Science & Religion Aren’t Compatible (But only in America) | Skepchick – Rebecca Watson discusses a study demonstrating the point in the title.  If anyone has paper access I’m curious what it says about the UK and Canada.

In Search of a Flat Earth | Folding Ideas (video, 76 min) – I see that video essays are quickly approaching movie length.  Dan Olson disproves a conspiracy theory with some beautiful footage, not that it matters to the doomsday cult.

I read popular physics: Interstellar Interlopers

This is an entry in my series where I read physics articles in Scientific American, and get annoyed that the only good ones are about astronomy.

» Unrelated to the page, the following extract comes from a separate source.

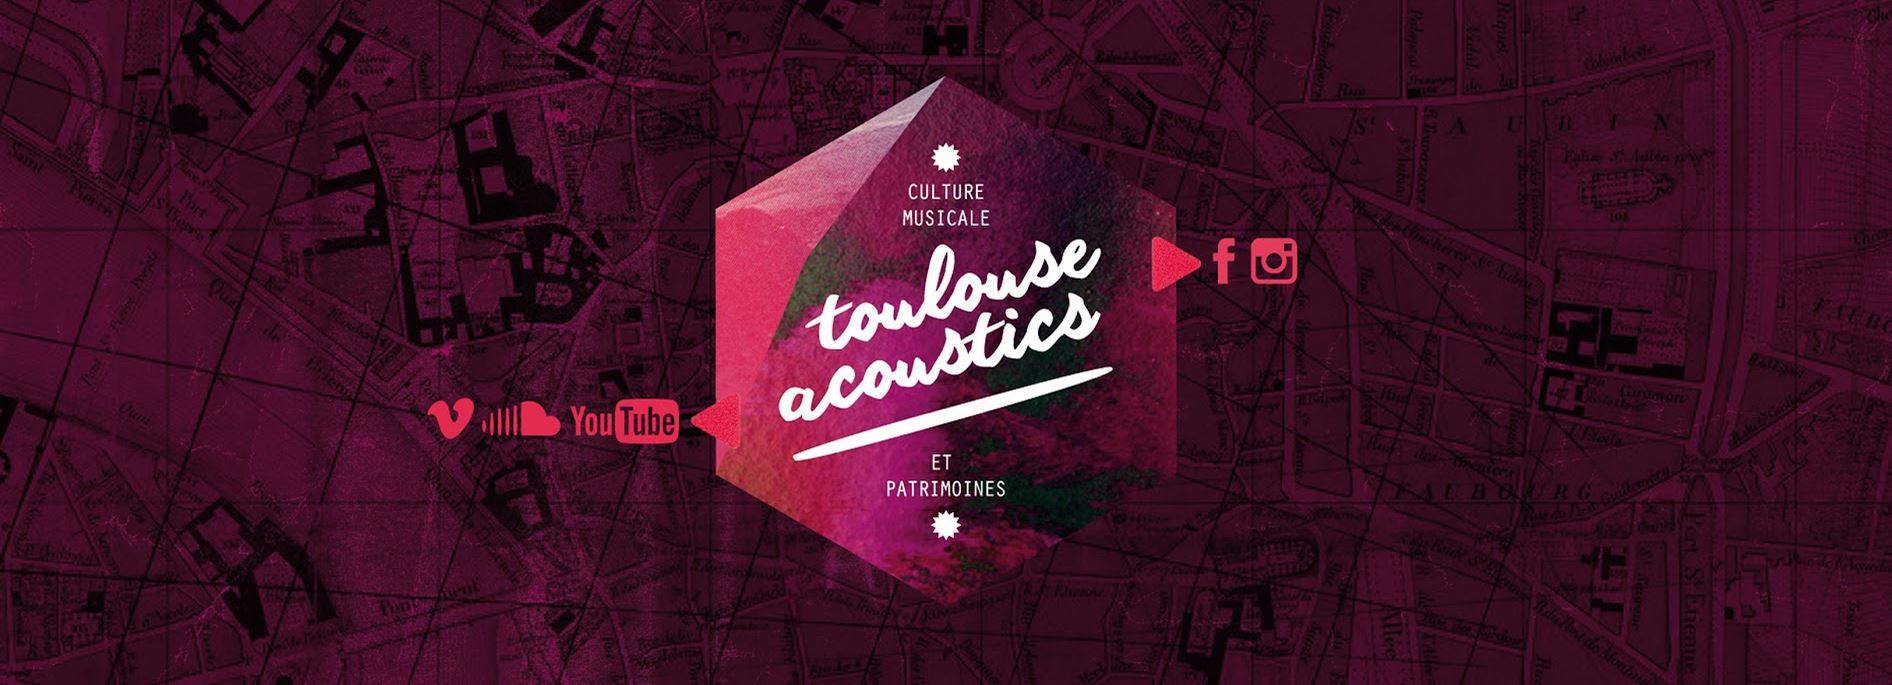 Toulouse Acoustics met Toulouse en scène

I skipped a month, because the September issue was a special 175-year anniversary edition. I actually liked that one, but the physics article was a review of how cosmology had changed in the past 175 years, and I don’t have much to say about that. I learned that Scientific American basically predates the scientific establishment as we know it, and it started out as a thing for like, inventors and hobbyists.

The October issue has a presidential endorsement, the first endorsement that the magazine has ever made in its long history. No points for guessing who they endorsed.

Anyway, the physics article for this month is “Interstellar Interlopers” (no paywall this time), about the first two interstellar objects ever observed in the Solar System. I had never heard of these before, but I guess they made news a while back, as reporters breathlessly speculated about aliens.